Europe is struggling with an aging housing stock. The need for renovation offers an opportunity to achieve major improvements in health, comfort and efficiency. Single-family homes are key.

Around 75% of Europe’s population currently lives in cities, towns and suburbs. In the 2017 edition of the Healthy Homes Barometer we saw that buildings are responsible for close to 40% of energy use, and that the condition of the home you live in has a direct impact on how healthy we feel. Therefore, the state of housing in our cities and suburbs is vital if we are to achieve healthy, sustainable societies.

Old buildings; poor performance

Buildings in European cities are old. In most EU countries, about two thirds of the residential stock was built before the first European thermal building regulations came into effect (i.e. before 1979)¹,and only 10% of buildings currently have A or B class energy performance certificates.

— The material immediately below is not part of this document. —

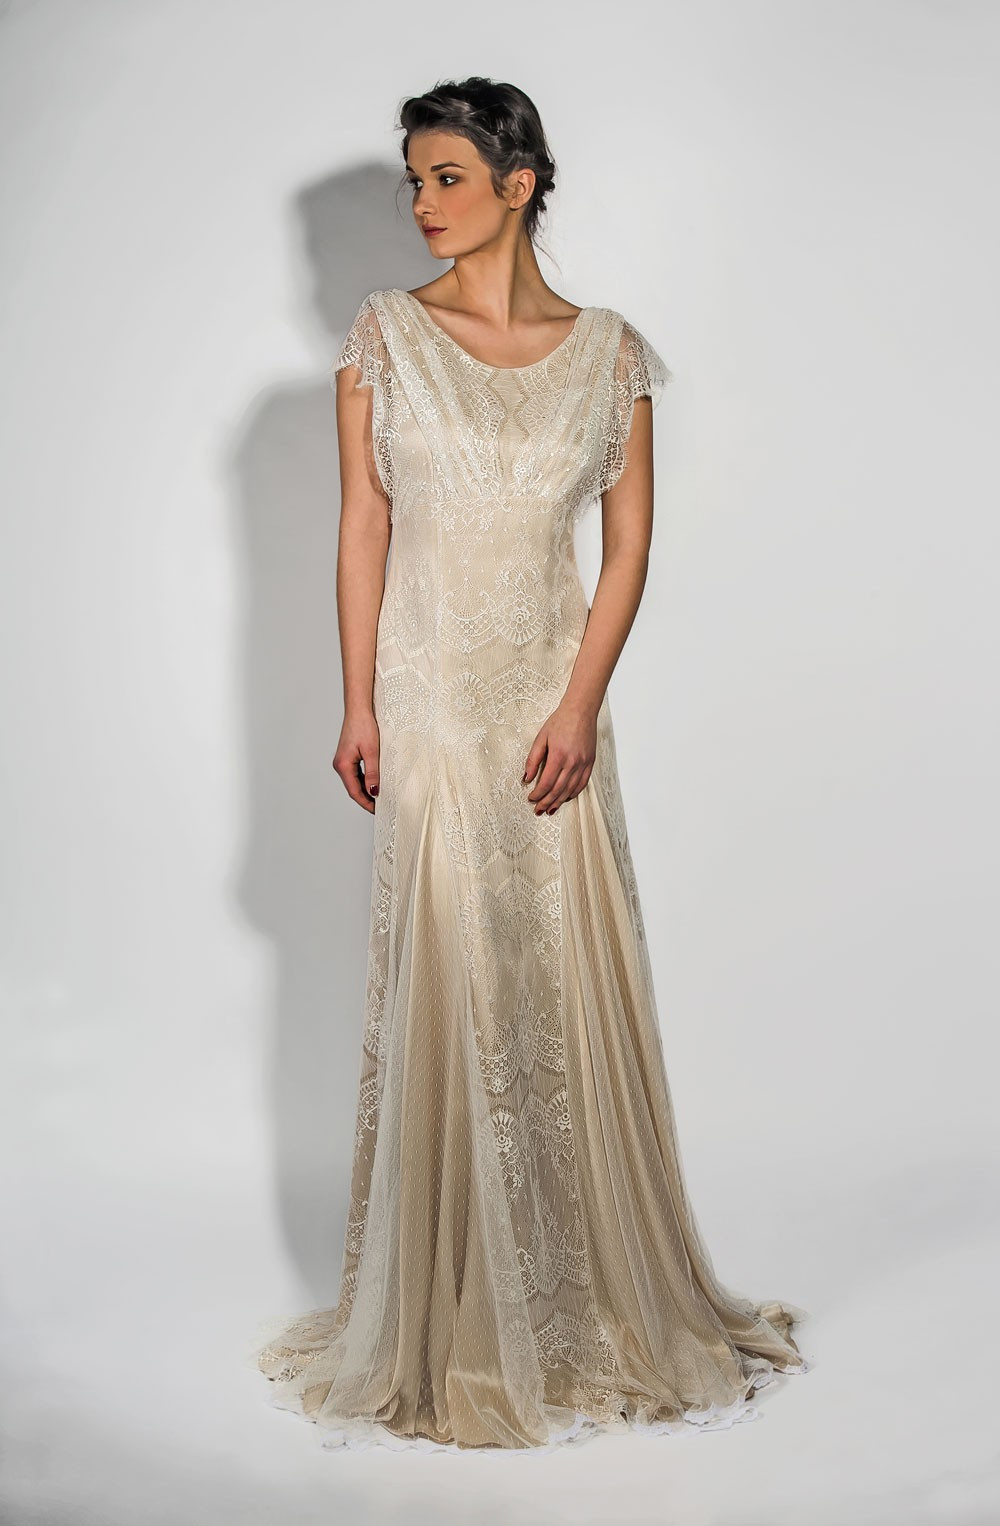 1920s Inspired Wedding Dresses
 1920s Wedding Dresses hitched

At the same time, the current renovation rate of existing buildings is low, with only about 1-2% of the building stock renovated each year².

Cold homes are the most damaging

New data presented in this report demonstrates how a range of building deficiencies affects homes – and health – in Europe. The most damaging deficiency from a health perspective is having a home that is too cold in winter, which, if you live in a single-family home, means you are twice as likely to report poor health.

Single-family homes are key to addressing health

It is interesting to note that in all cases, single-family homes (SFHs) with deficiencies are more likely to have a negative impact on health than multi-family homes (MFHs). SFHs tend to have more exterior elements per dwelling (roof, windows, walls), where specific deficiencies are often to be found. At the same time, SFHs are more likely to be owned (as opposed to rented) than MFHs, and this affects decision-making when it comes to renovation.

“It’s the housing, stupid”

This year’s research demonstrates that when it comes to deficient housing, it’s the homes themselves that cause illness, and not your economic situation.

Housing deficiencies have the same negative impact on residents’ health regardless of available income. If you are in the top 25% in terms of available income and have a leaking roof, for example, you are just as likely to report poor health as if you are in the bottom 25%.

Old buildings + health impacts = need for renovation

We now know how old our building stock is; we know how damaging different building deficiencies can be to health; and we know that single-family homes are key to making an impact.

This knowledge must be made available so that home and building owners can make informed decisions about renovation, and so that they can capitalise on the economic, environmental and health benefits available. And this knowledge should also help to inform effective policies that incentivise renovation to the benefit of individuals and society.